Эта мысль не давала Марку покоя и в медицинской школе, и позже, когда он уже был интерном в Центральном военном госпитале. Там он впервые проводил самостоятельные операции на мозге. В госпиталь поступали офицеры и рядовые с тяжелыми ранениями головы. Были и противоположные случаи. В израненном обгоревшем теле единственным незатронутым органом оставался только мозг.
«Вот бы попробовать его пересадить…» — думал Марк. Некоторых тяжело раненых он даже спрашивал, согласились бы они на такую операцию. И они соглашались! Даже не раздумывая. Даже если им дадут всего один шанс. Все лучше, чем доживать оставшиеся годы в обезображенном, парализованном обрубке. Разумеется, есть бионические протезы, почти неотличимые от человеческих рук и ног, но стоят они невероятно дорого. Вот и пересадка, переезд в новое свежее тело, будет доступна только избранным.
Марк не сомневался, что люди, обладающие достаточными средствами, уже задумываются о возможном будущем. Они прибегают к процедуре трансплантации внутренних органов вовсе не потому, что органы повреждены или недостаточно эффективно действуют. Они заменяют эти органы, как устаревшие, вышедшие из моды гаджеты. Сердце, почки, желчный пузырь, роговицу, все эти уязвимые для времени части тела. Обновляют волосы и кожу. Марк слышал, что некоторые из этих людей выращивают собственных клонов, чтобы использовать их на запчасти. Еще немного, и в молодое здоровое тело попытаются пересадить мозг. Люди, обладающие деньгами и властью, не хотят умирать.
Попытки делались еще в диком двадцатом веке, еще до полетов в космос. Правда, мозг пытались пересаживать вместе с головой. Эксперименты проводили на собаках. На тело взрослой собаки пришивали голову более молодой.
Марк изучил все сохранившиеся архивы, начиная с 1908 года. Полученные таким образом двухголовые монстры жили в среднем три дня, а затем погибали. Уже в начале двадцать первого века операции по пересадке голов животных стали более результативными. Подопытные крысы даже восстанавливали двигательную активность. Но людям этого, конечно, было мало. Они спешили, они уже к 2045 году хотели стать бессмертными. Нашелся некий не по годам прыткий медиамагнат, пообещавший освободить людей от страха смерти к этому самоуверенно указанному году. Однако проект за бесперспективностью свернули. Но люди богатые и влиятельные своих надежд на бессмертие не оставили. Работы продолжались.
Когда об успехах Марка стало известно в медицинских кругах (Ему удалось пересадить мозг обезьяны ее же клону, и обезьяна прожила около двух месяцев), его неожиданно пригласили на должность заведующего отделением трансплантологии в клинике Рифеншталя, закрытой и очень престижной.
Марк был несказанно удивлен этим приглашением. Почему выбрали именно его?

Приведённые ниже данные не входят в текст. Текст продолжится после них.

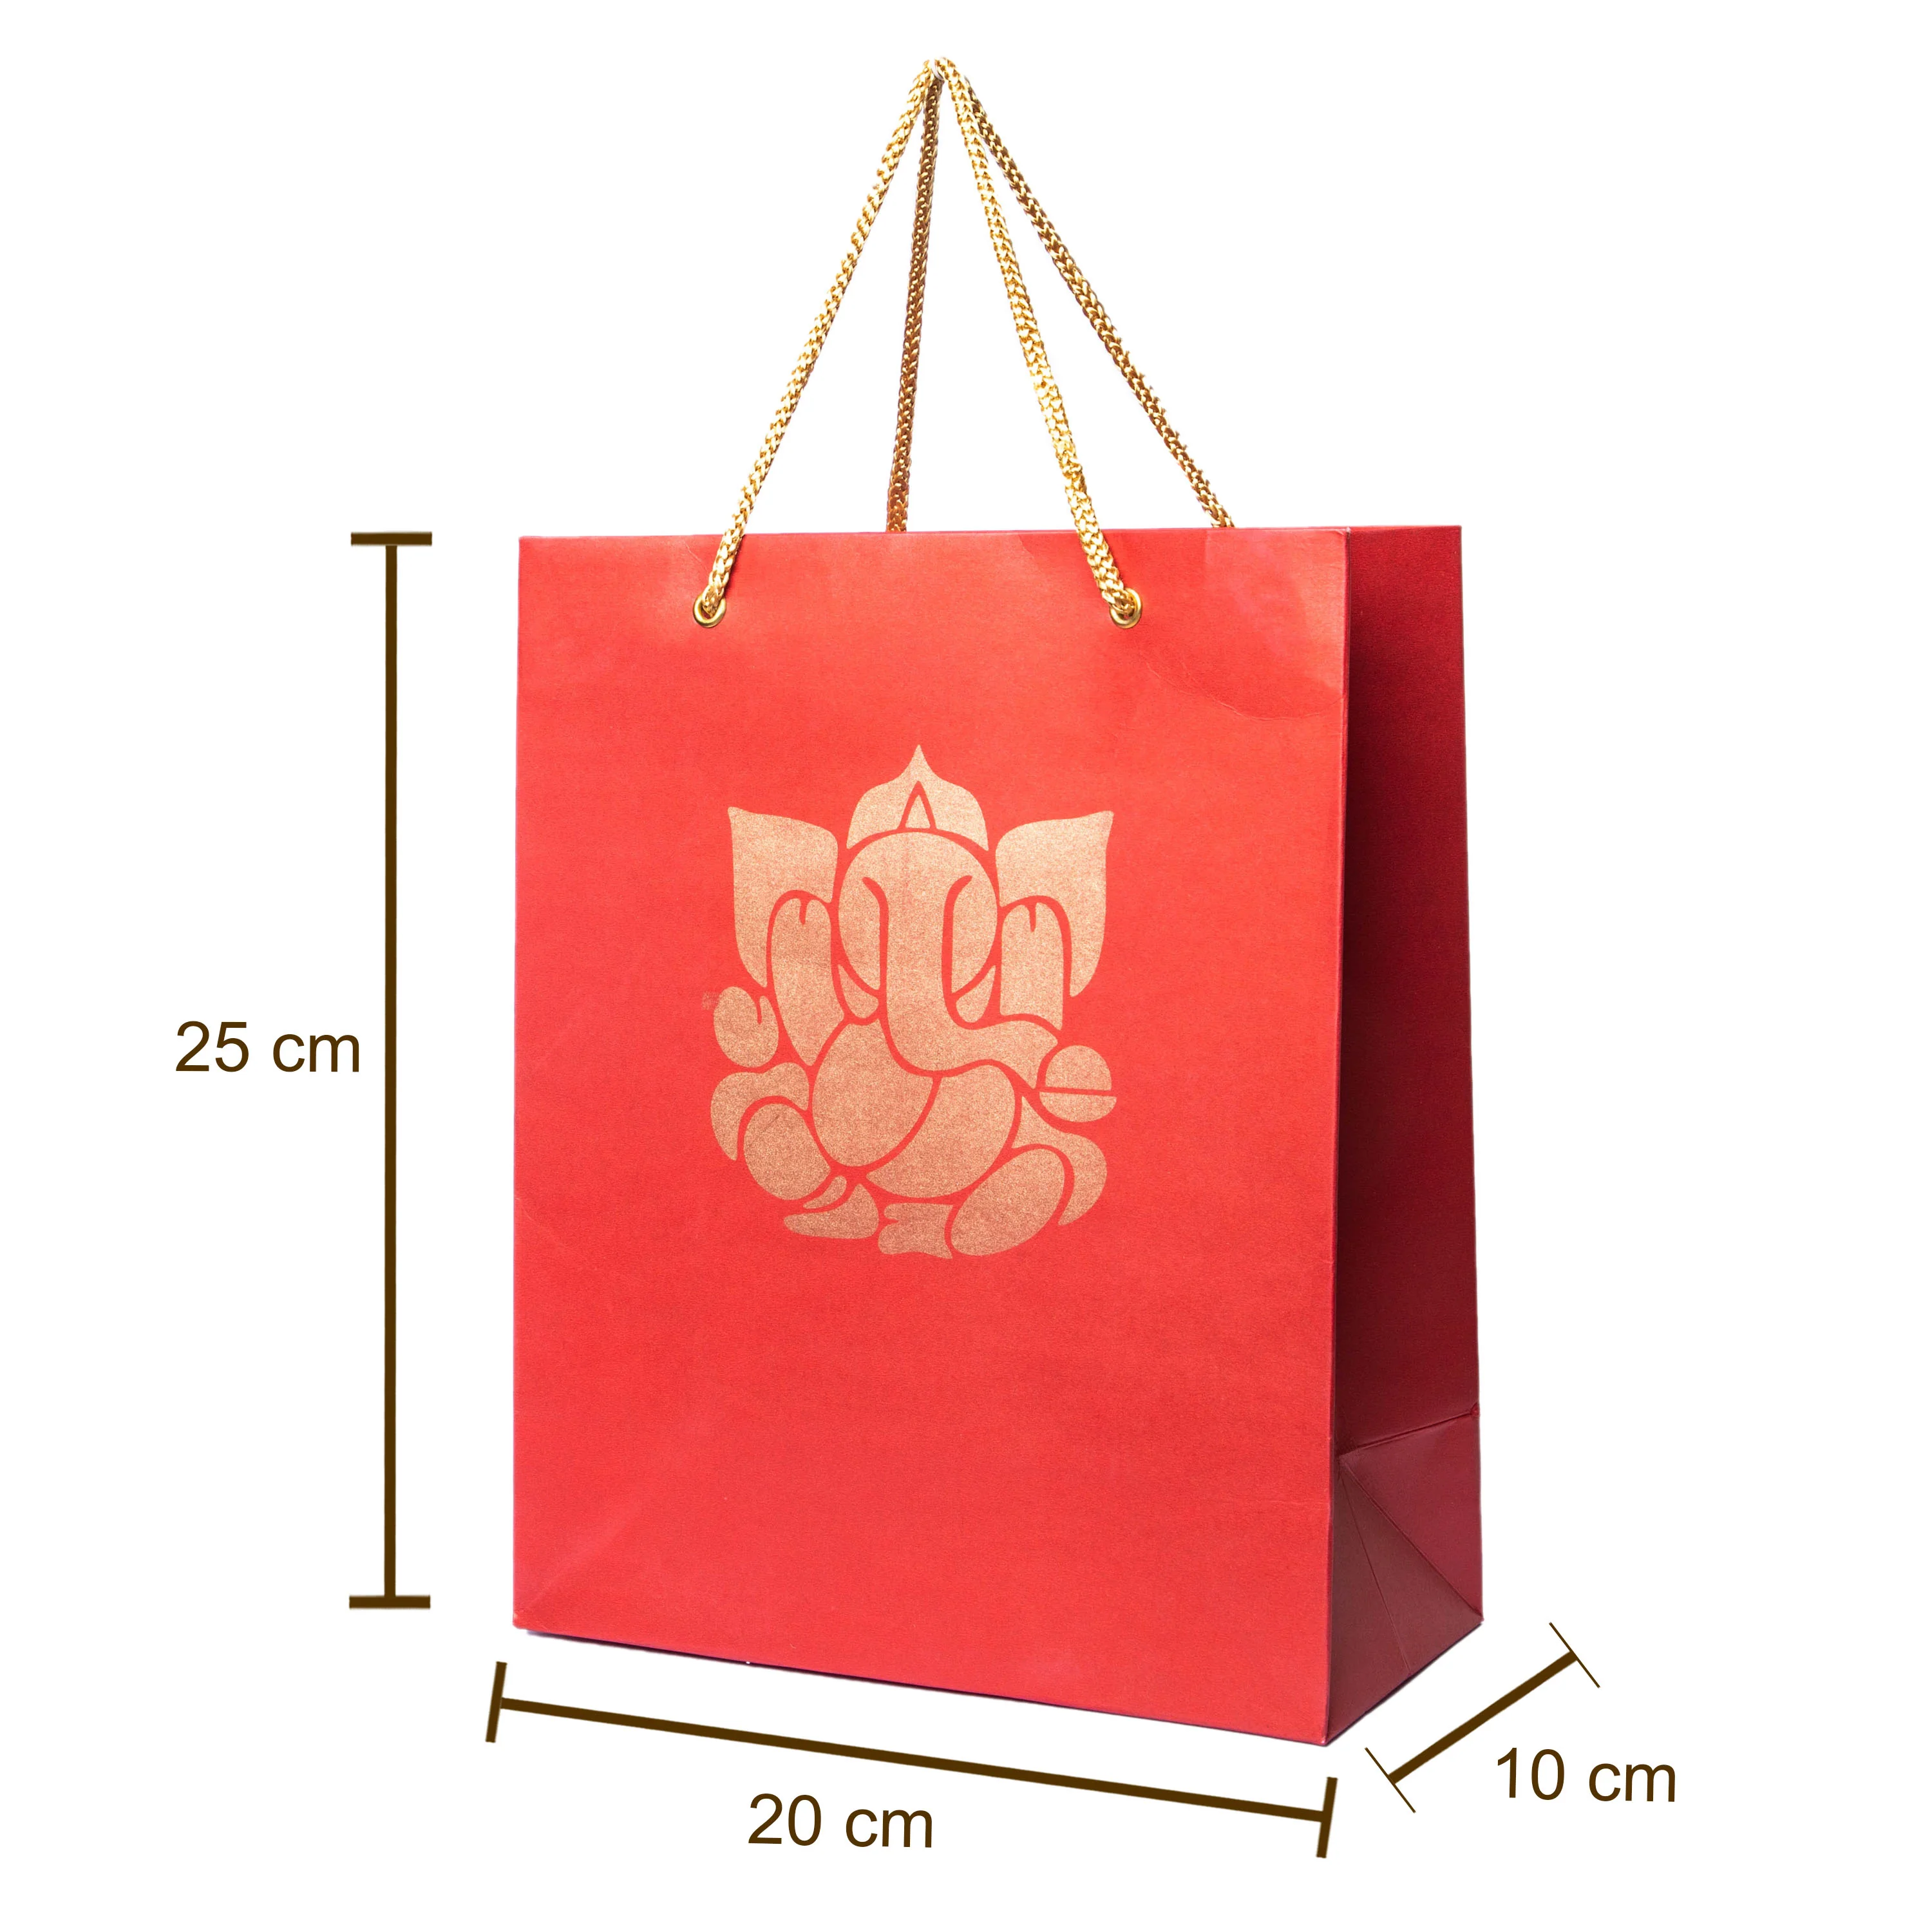 Gift Bags Cross Stitch Kit, code 2036 RIOLIS | Buy online on Mybobbin.com

Он, собственно, еще ничего выдающегося не совершил. Еще очень молод для маститого ученого и не имеет научных степеней. Ответ пришел быстро. Ему дали недвусмысленно понять, что курирующий клинику фонд Рифеншталя привлекла его одержимость идеей пересадки мозга и, конечно, достигнутые им успехи.
После ряда операций на животных, по большей части успешных, ему предложили провести опыт на человеке. Вернее, на клоне. Марк никогда не сомневался, что рано или поздно перед ним встанет эта этическая дилемма. Это же будет мозг еще живого человека, исходника. Когда клон разовьется до состояния, приемлемого для операции, исходник будет убит. Впрочем, доноров убивали и раньше. Например, когда реципиенту требовалось сердце. Люди шли на преступление, чтобы найти это сердце, чтобы спасти умирающего ребенка или супруга. Все участники знали, что совершается преступление, знали, что нарушается закон, но это преступление щедро оплачивалось… Вот и его, Марка, работа тоже щедро оплачивается.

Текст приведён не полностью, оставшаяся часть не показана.